- Genre: Panel show
- Presented by: Danny Webb
- Country of origin: Australia
- Original language: English

Production
- Running time: 30 minutes

Original release
- Network: HSV-7
- Release: 1958 – 1960

= That's My Desire (TV series) =

That's My Desire is an Australian television game show which ran from 1958 to 1960 on Melbourne station HSV-7. Hosted by Danny Webb, it was a panel game. The half-hour series changed time-slot several times. At one point it aired at 4:45PM, it later aired at 3:00PM, then at 4:00PM, and finally at 2:30PM.

In the episode aired 28 September 1959, the guests included Guy Doleman, Diana Davidson, John Grey and Aileen Britton, while the panel consisted of Bambi Smith, John Frith, Jocelyn Terry and Hugh Wills. Barry Humphries appeared in an episode aired 4 October 1962.

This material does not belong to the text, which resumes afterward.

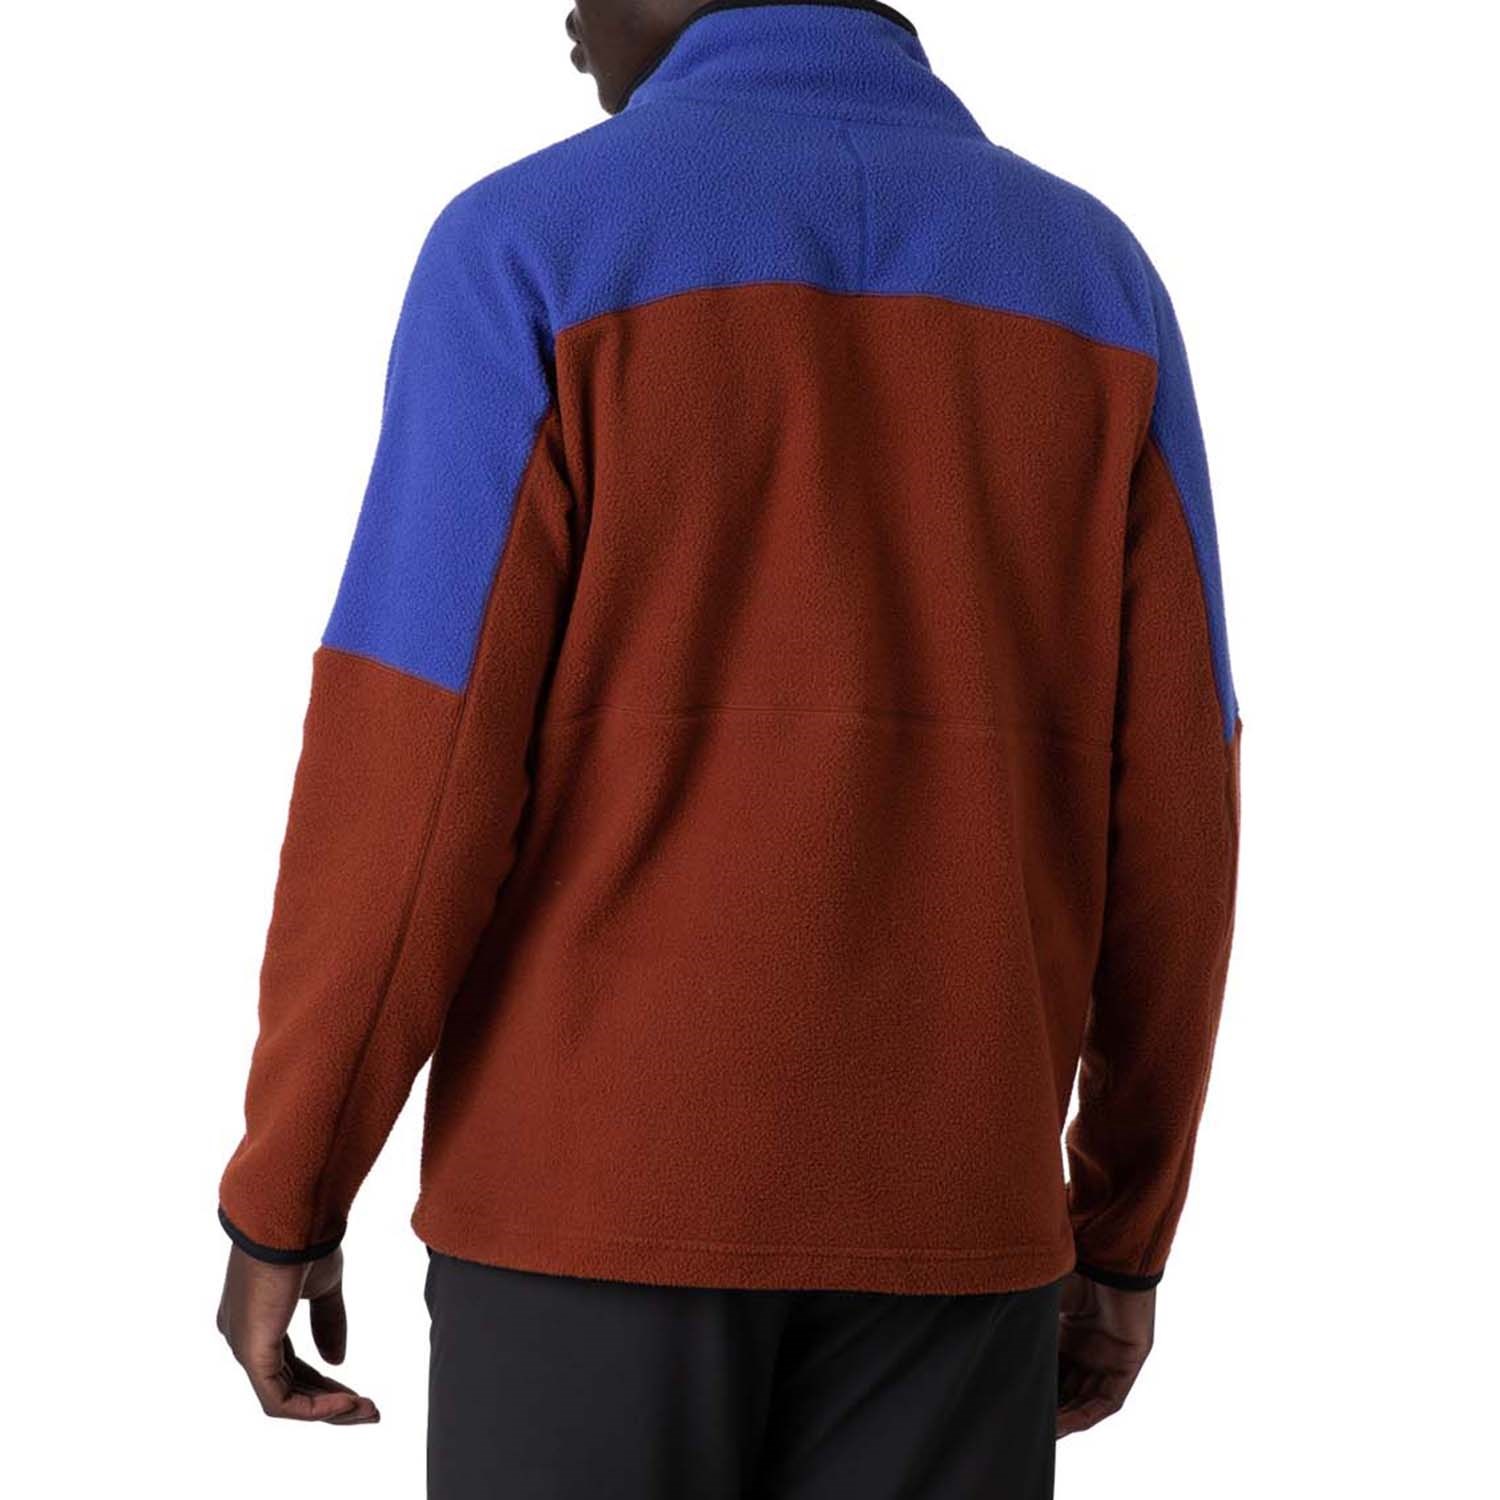 Cotopaxi Abrazo Half Zip Fleece Jacket - Men's

There is no information available as to whether any of the episodes exist as kinescope recordings. Game shows were generally considered disposable by Australian broadcasters in the 1950s and 1960s. Reportedly no kinescopes or video-tapes exist of HSV-7's version of Tell the Truth, while footage does exist of Lady for a Day, making it difficult to know for certain whether anything remains of That's My Desire.